[Start of Attachment]

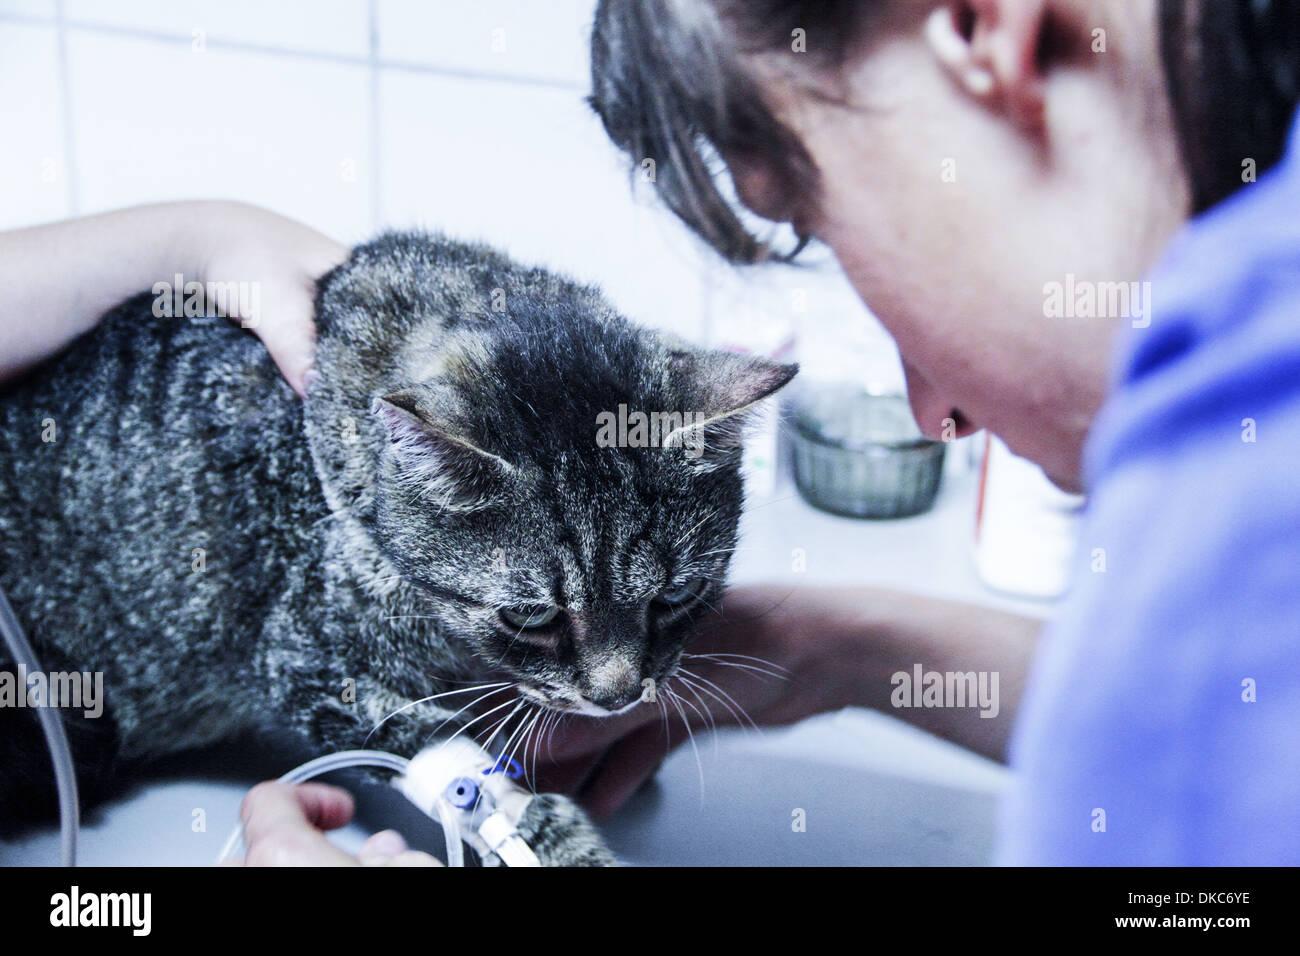 Vet treating domestic cat - Stock Image
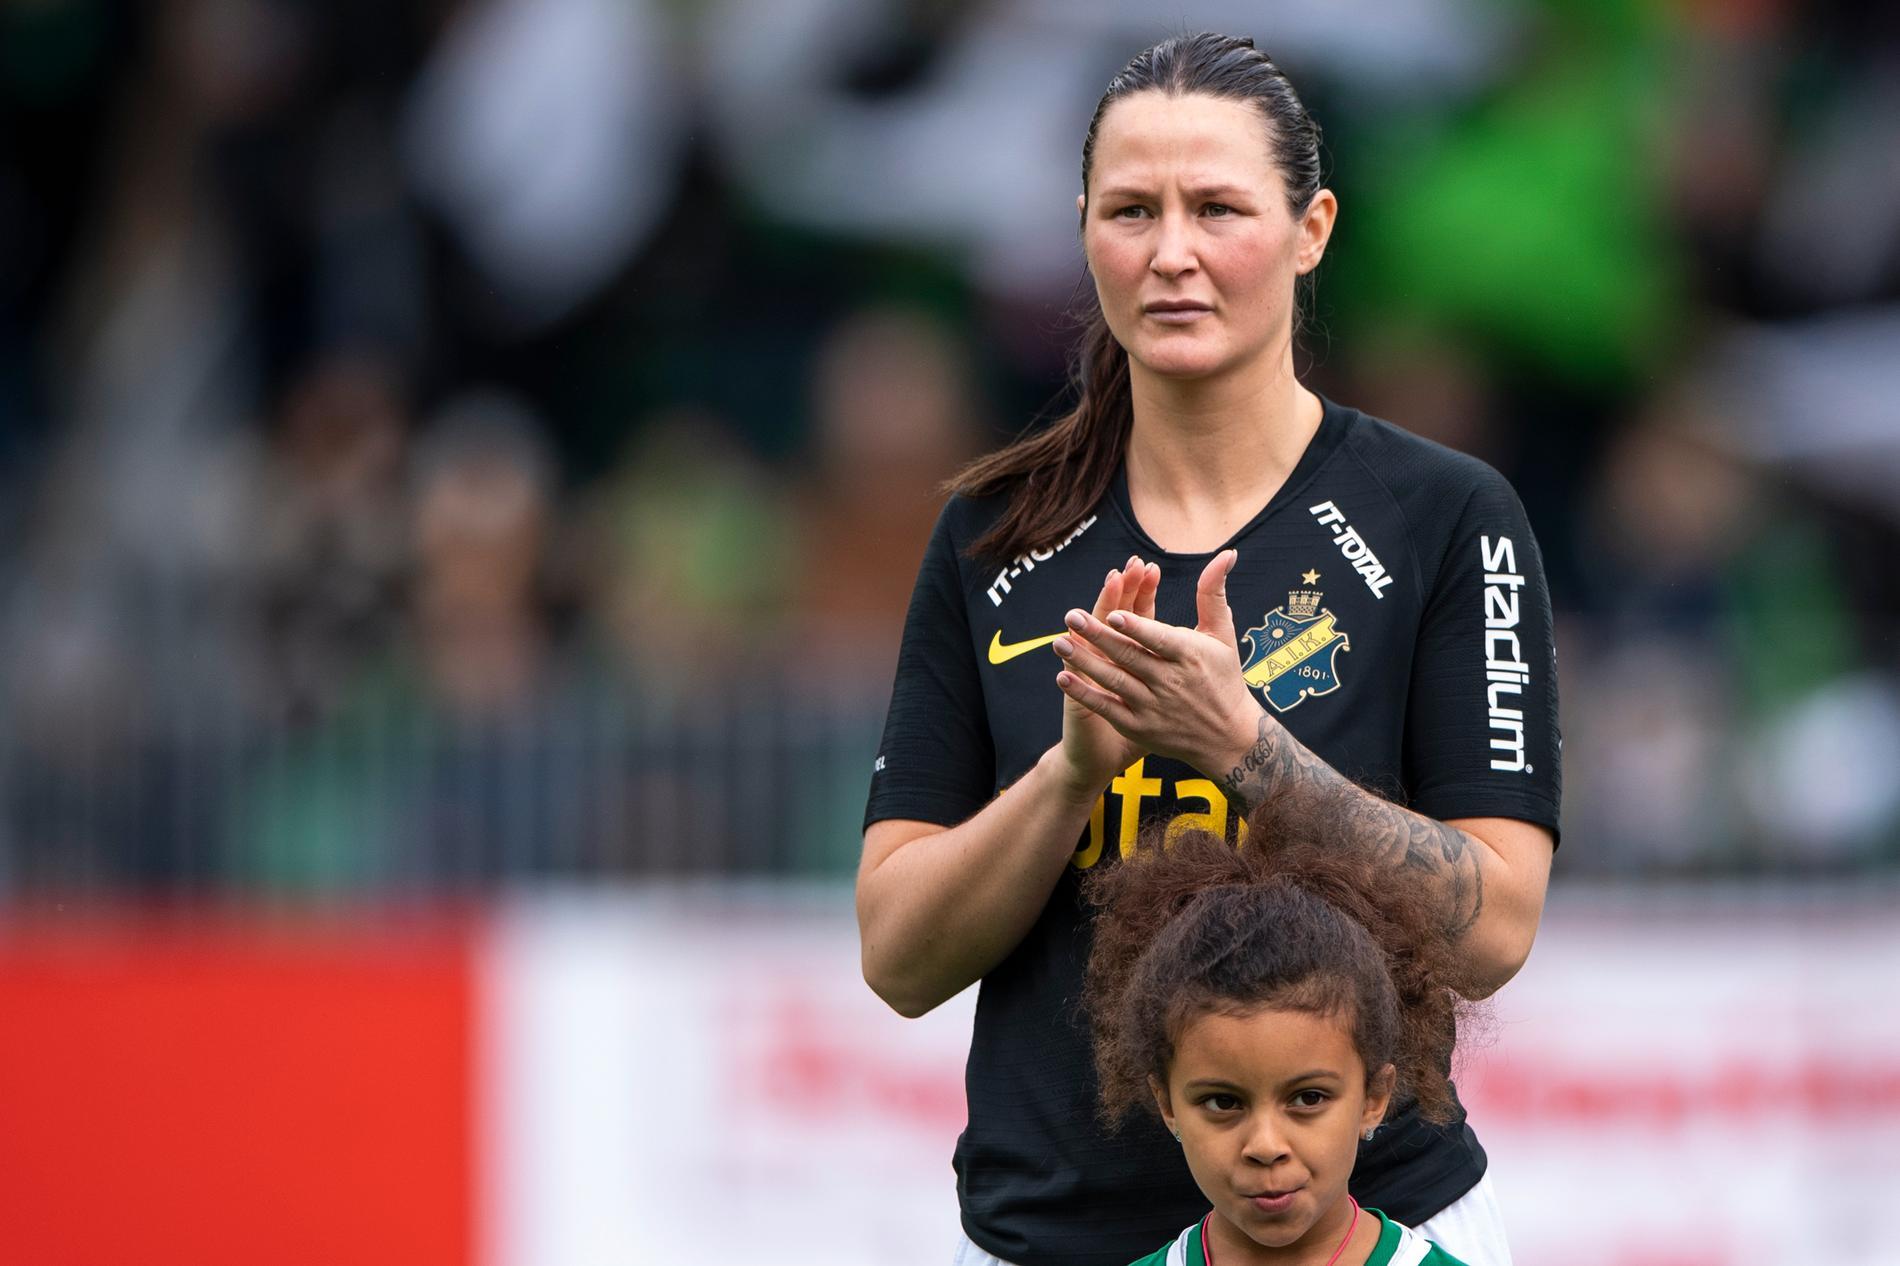 Nicole Odelberg Modins i AIK-tröjan i fjol.
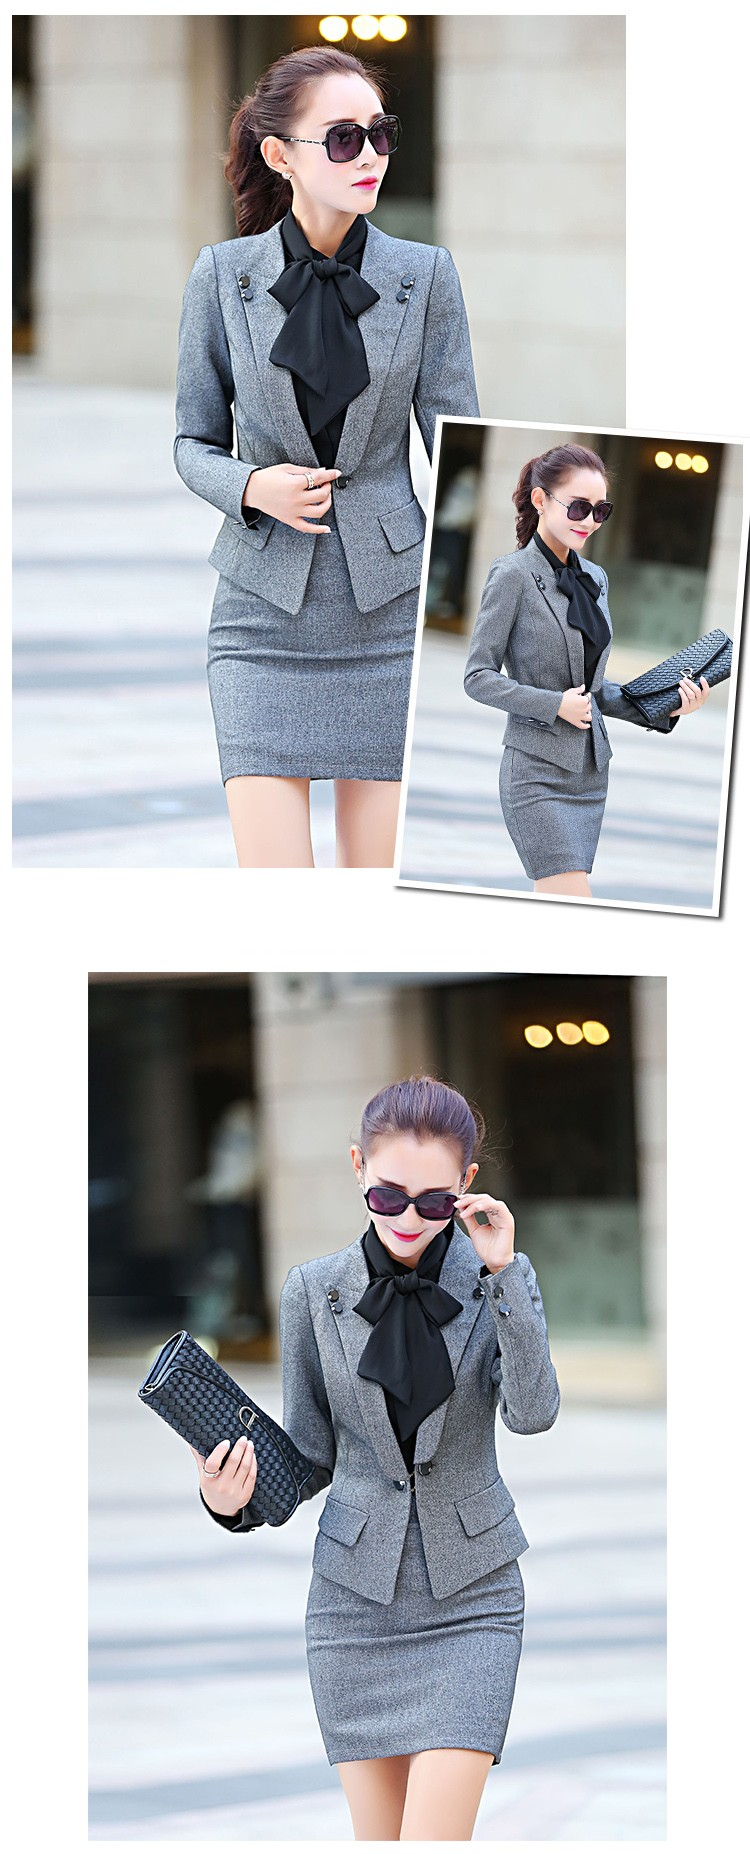 Neue Mode Frauen Casual Blumendruck Blazer Anzug Damen Langarm Jacke Buy Korea Mode Langen Mantel,Damen Flügelhülse Mäntel,Frau Mäntel Und Jacken

[End of Attachment]

ASSIGNMENT: Print all the material above exactly, and drop the images.

RESULT OF THIS TASK:
 Vet treating domestic cat - Stock Image
 Nicole Odelberg Modins i AIK-tröjan i fjol.
 Neue Mode Frauen Casual Blumendruck Blazer Anzug Damen Langarm Jacke Buy Korea Mode Langen Mantel,Damen Flügelhülse Mäntel,Frau Mäntel Und Jacken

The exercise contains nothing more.